For more than sixty years, Russian audiences were particularly partial to two types of film: French comedies and Georgian comedies. Little known in France, Georgian comedy developed as a genre in the 1930's in the Tbilisi studios, which were the oldest, most productive and most imaginative in the USSR alongside Moscow and St. Petersburg. Georgia is a country of vineyards and orchards. Like the French, Georgians worship, almost to excess, the pleasures of the table, cognac, and having a good time.

Two years ago at the Cannes Festival, Nana Djordjadze, who had won the Camer d'Or for her film ROBINSONADA, and her husband, Irakli Kvirikadze, a scriptwriter and director, talked to me about a project for a light-hearted drama telling the colorful adventures of a chef and his French restaurant lost in the mountains of the Caucasus. A few months earlier, I had introduced Nana Djordjadze to Pierre Richard, who is a huge star in Georgia and the countries of the former Eastern bloc, at a reception at the French embassy in Moscow. There was never any question as to who would play the lead. All that was left was to write the story and finance the film...

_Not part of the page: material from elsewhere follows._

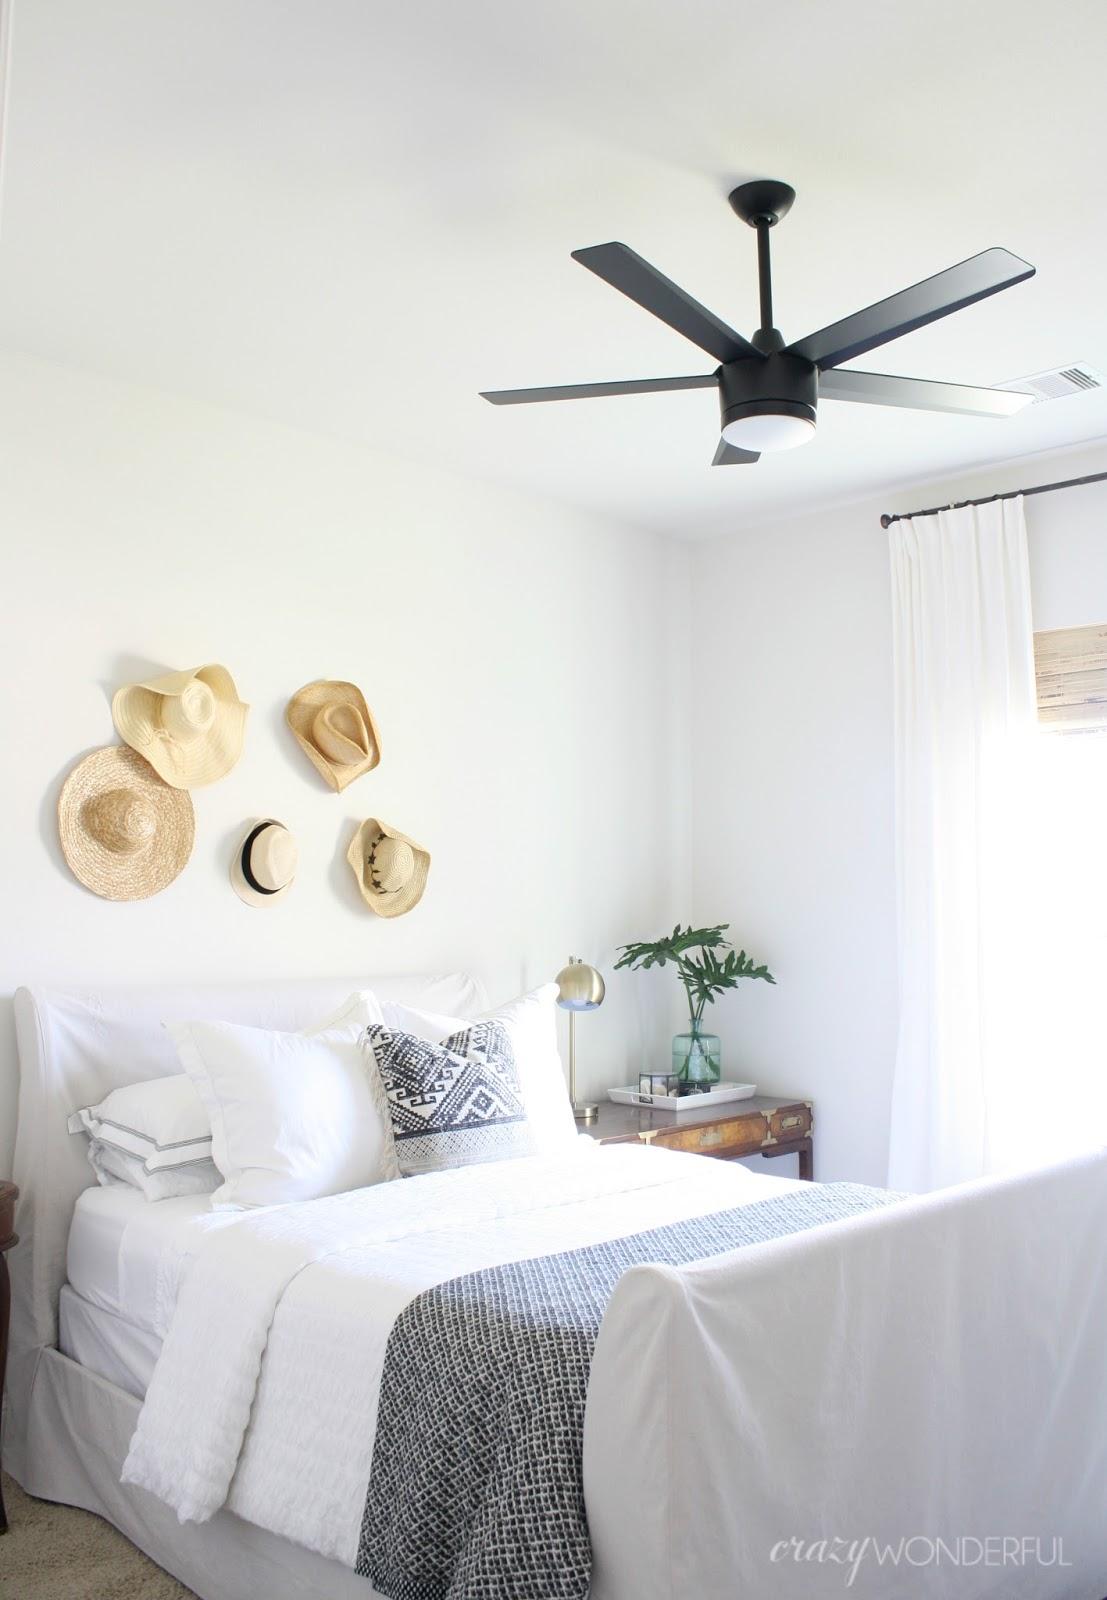 guest room ceiling fan - Crazy Wonderful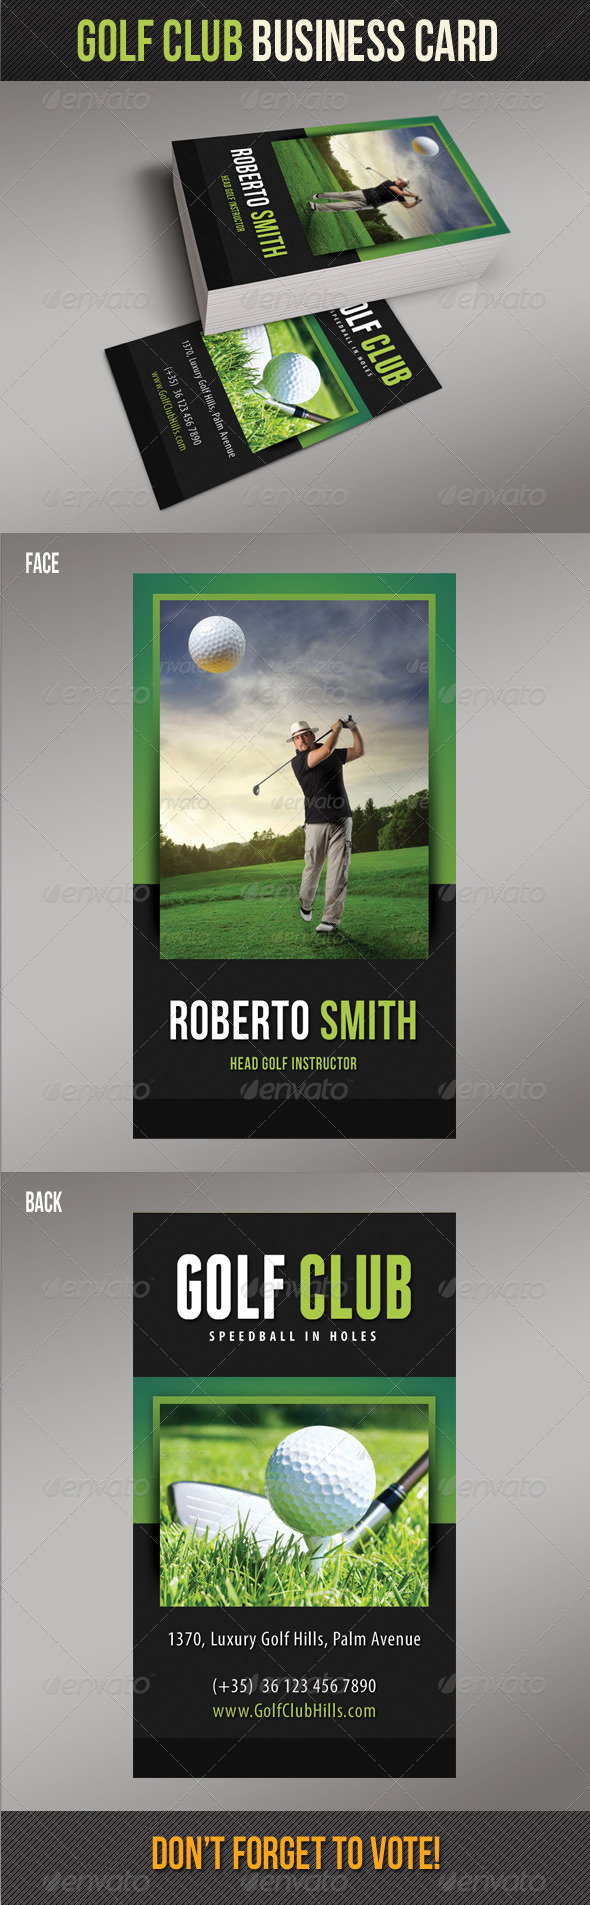 GraphicRiver Golf Club Business Card 02 8138599

Nana Djordjadze, whose mother is German, works regularly in Berlin where she has close links with the Babelsberg Studios. La Sept Cinema has always been attentive to Georgian cinema and was the first to declare an interest in the film. Canal +, then the members of the CNC's commission for the advance on box office receipts, were soon seduced by the quality and originality of the subject. Thereafter, the film was supported by Eurimages and partly financed by Russia (Sotra) and the Ukraine (Innova).

The average shooting time for a Georgian film is one year - different world, different customs-- so it required the presence and vigor of Pierre Richard and the French production company to ensure shooting was completed in four months. But the gamble we took by shooting in Georgia was inherent to the film's subject and is fully justified on seeing the finished product; it would have been totally impossible to tell this story without having been lost in the middle of the Caucasus ourselves.

A CHEF IN LOVE is the only Georgian film produced by a crew living and working in Georgia, a country whose cinema industry was born in the 1920's and which not so long ago could claim many professional technicians and a cinema tradition known worldwide.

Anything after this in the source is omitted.